Quorums and consensus
- Quorum
-
The smallest number of people needed to be present at a meeting before it can officially begin and before official decisions can be taken. 1
- A more technical definition of a quorum is as follows:
-
A quorum is the minimum number of votes that a distributed transaction has to obtain in order to be allowed to perform an operation in a distributed system. A quorum-based technique is implemented to enforce consistent operation in a distributed system. 2
So a quorum is a collection of replicas communicating in such a way to ensure data consistency. Cosmos DB groups four replicas (one leader, three followers) within a physical partition to form a replica set. The leader is responsible for propagating writes within the replica set. And within the replica set we can group replicas together to for a quorum
How then are quorums involved in ensuring a write or read is successful?
Quorum Writes and Reads
Under strong consistency, a write is deemed successful if every replica can agree on the most recent write. This comes at the price of decreased performance as every replica must have the latest value written to it for the system to agree on the current state.

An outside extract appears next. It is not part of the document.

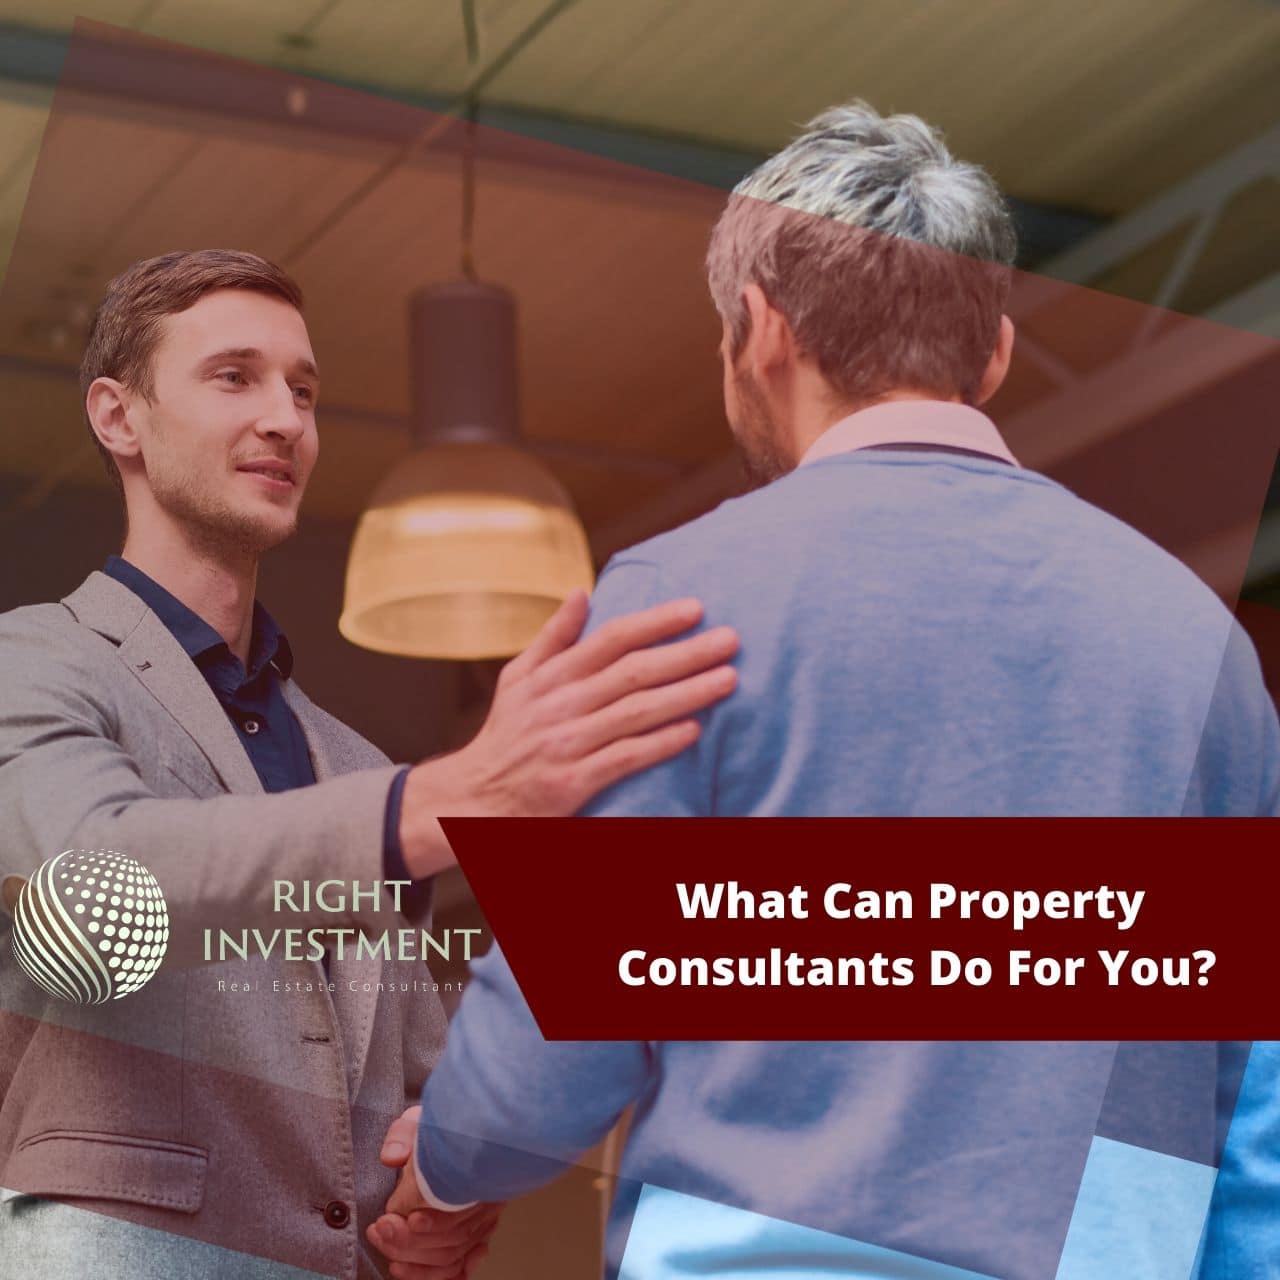 Why would it be preferable to deal with a real estate consultant when buying a property?

For consistency levels other than strong, a local majority is used. This means when writing to a replica set (four instances of the data), only three of the four replicas have to be up to date at any given time for a write to be acknowledged. This keeps latency lower as if one replica was unavailable the write could still be acknowledged by the database.
For quorum reads, the convention is similar. Strong and bounded staleness, reads are done against a local majority; two replicas in a four replica set, this means two replicas have to agree on seeing the same value for a read to be acknowledged. In the diagram below the bounded staleness partition-set reads from a quorum in which two partitions have the been updated to the latest value.
We can imagine the leader and two followers enclosed in the dotted line as writing a value and then a reader milliseconds later querying the same value from the replica set as the dashed box. As both boxes overlap we are guaranteed to see the latest written value.
Session, consistent prefix and eventual reads are done through single replicas. As shown in the diagram below, comes at a cost of reading stale data.
The quorum reads and quorum writes are the same for session, consistent prefix and eventual. This explains why write latencies, availability and read throughput for session and consistent prefix are comparable to eventual consistency.
Quorum consensus
In general, with \(n\) replicas in a replica set, every write must be confirmed by \(w\) nodes to be considered a successful write. We must query at least \(r\) nodes for each read. As long as \(w + r > n\) we expect to get an up-to-date value when reading; at least one of the \(r\) nodes we are reading from must be up-to-date.
Reads and writes obeying \(r\) and \(w\) values are called quorum reads and writes.
At least one node needs to overlap:
- \(w \geq (n - r) + 1\) and \(r \geq (n - w) + 1\)
- thus \(w > n - r\) and \(r > n - w\)
- thus \(w + r > n\)
Probabilistic Bounded Staleness
You may have noticed that under bounded staleness, the quorum consensus set up ensure we always see the latest value. However, bounded staleness can allow stale reads. This occurs when we replicate our data across multiple replica sets. Here we are not guaranteed strong consistency as one quorum may not have received the latest write.
Instead, we can use a metric called probabilistic bounded staleness to determine the probability of getting strongly consistent reads for a combination of write and read regions.
In Conclusion
Quorums are one mechanism which explains why different consistency levels have differing performance characteristics. In this post we defined what quorums are and how Cosmos DB uses them to enforce consistency constraints.